Industrial Logistics: Modular BT frameworks (LLM-MARS) coordinate fleets of forklifts, drones, or collaborative robot lines in warehouse and Industry 5.0 contexts (Lykov et al., 2023).
Exploration and Swarm Robotics: Autonomous resource collection in unknown terrains, as exemplified by the Swarmathon, highlights decentralized algorithms for search and discovery with no global map (Ackerman et al., 2018).

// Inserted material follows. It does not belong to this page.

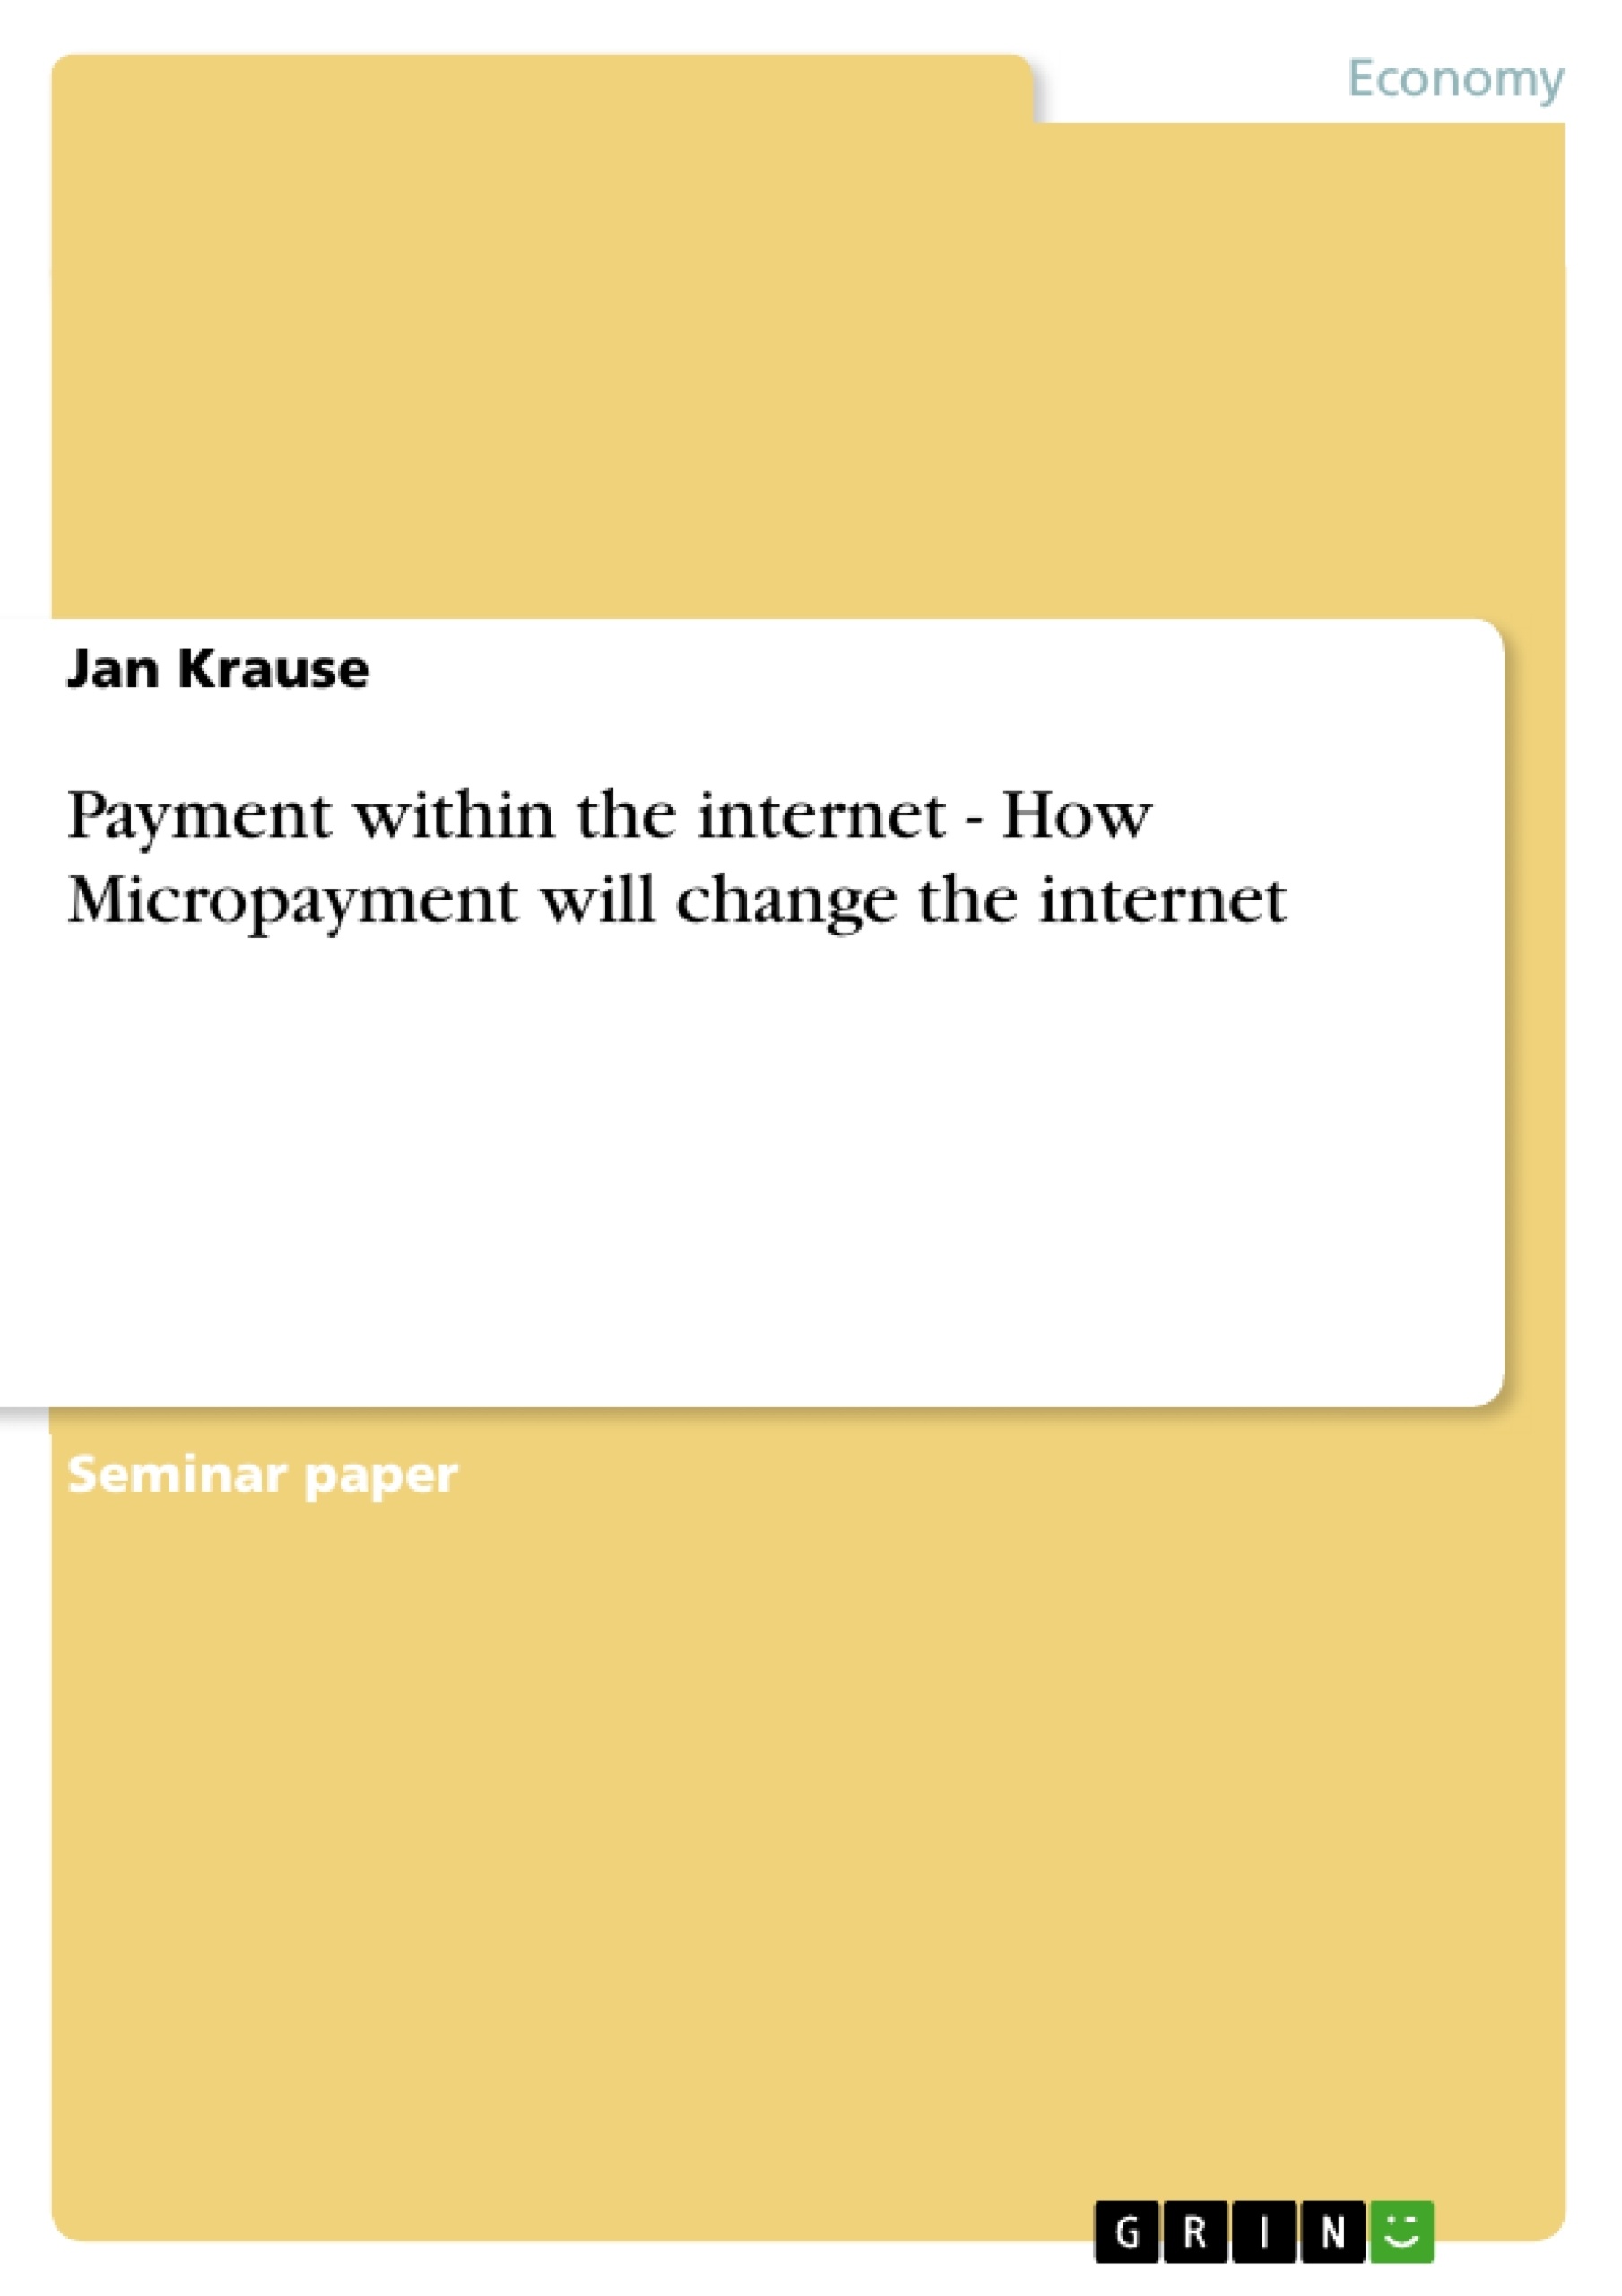 Title: Payment within the internet - How Micropayment will change the internet

Adaptability is achieved by retraining perception and risk-classification modules, extending planners to new environments, and integrating multimodal inputs (RGB, depth, segmentation, point-cloud) (Gao et al., 3 Nov 2025). Real-world deployment requires improvements in latency, motor-skill generalization, and integration of online feedback mechanisms.

7. Summary and Outlook

The MARS Challenge serves as a reference testbed for benchmarking multi-agent robotic systems integrating perception, reasoning, planning, control, and dialogue. Solutions employing LLMs and VLMs demonstrate the viability of modular, iterative, and expertise-decomposed design pipelines. Quantitative evaluations corroborate the significance of self-correction, robust spatial reasoning, and modular coordination. Continued research focuses on scaling to larger teams, bridging sim-to-real gaps, advancing hierarchical planning, and maintaining transparency and resilience in real-world applications (Kang et al., 26 Jan 2026, Gao et al., 3 Nov 2025, Lykov et al., 2023, Bai et al., 4 Jun 2025, Ackerman et al., 2018).